Imagine that you need to write a program (application, class, two methods, however you want to call it) that will do these two things:
1) Given a set of integer ranges
(0..1, 0..1, 0..1)
it should be able to sequentially list all permutations, like so:
0 0 0 0 0 1 0 1 0 ... 1 1 1
Essentially, you writing a function that will be able to count in a k-numeral system.
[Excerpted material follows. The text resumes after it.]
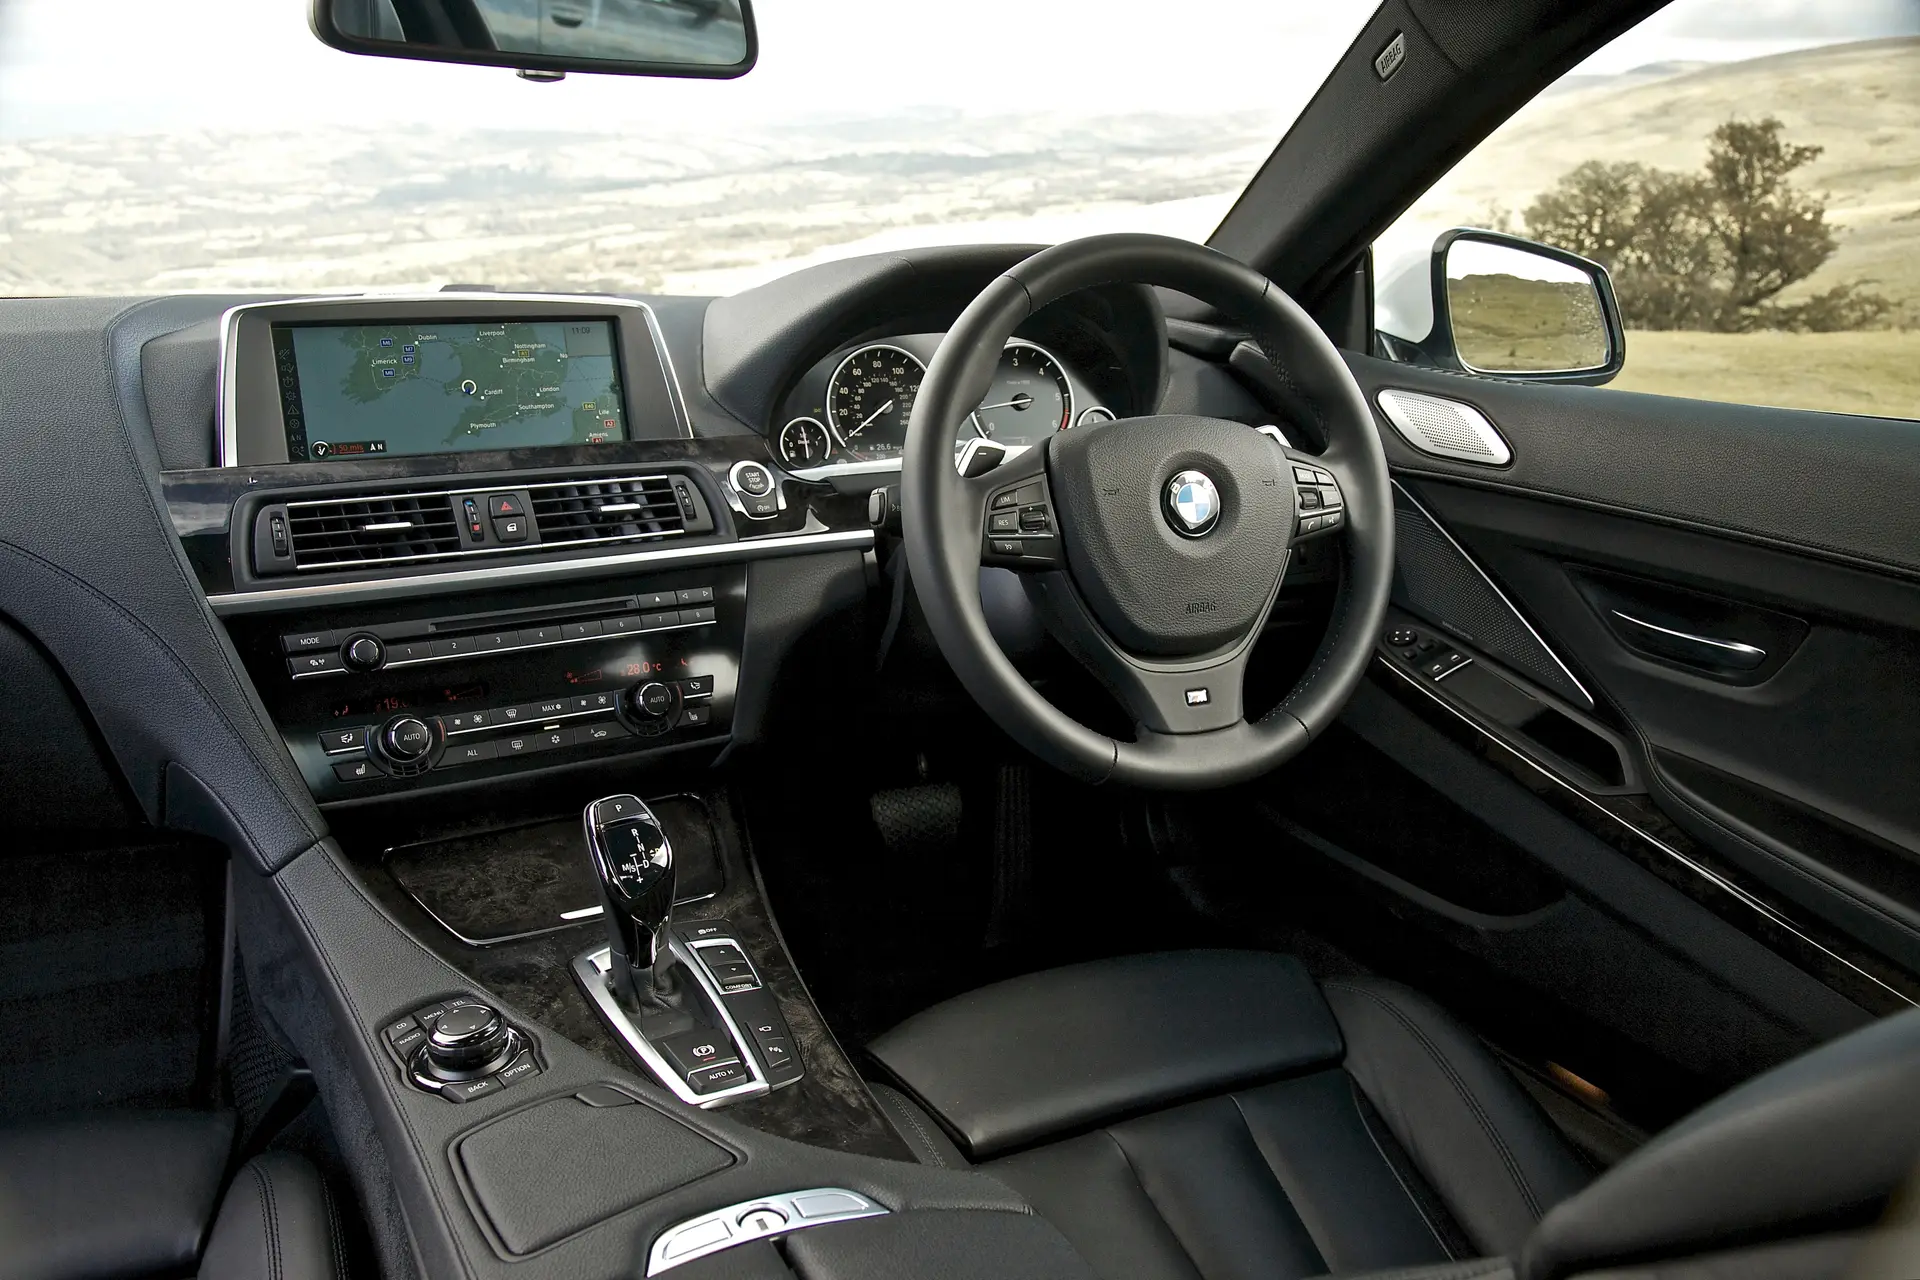 BMW 6 Series (2011-2018) Review: interior close up photo of the BMW 6 Series dashboard

Here are a few conditions:
- must accept reasonable, but arbitrary number of ranges on the input,
- ranges can be any pair of integers a and b, where a <= b, for example, -1..0 and -234.. 534 are two valid ranges,
- ranges can obviously differ from each other, for example, if you input (0..1, -1..2), the program should produce something like this:
0 -1 0 0 0 1 0 2 ... 1 2
Seems easy enough, just a lot of little traps that can get in a way.
2) By giving your algorithm a second parameter, an integer k, you should be able to specify the kth number of the permutation sequence, so that when you run your code, it will produce all values of the sequence starting with permutation k + 1. For instance if k=2 for (0..1, 0..1, 0..1) the output will look:
0 1 0 0 1 1 1 0 0 ... 1 1 1
For the second part, I used long division to determine the permutation that will correspond to k. The interesting thing about this part is that essentially you are writing a decimal converter capable of converting a decimal representation of an integer into a k-numeral system.
Bonus marks: extend the program to work with other types, so that you can have mixed sets on inputs (a range of integers and a range of strings).
I think this can be made into a neat programming assignment question, no?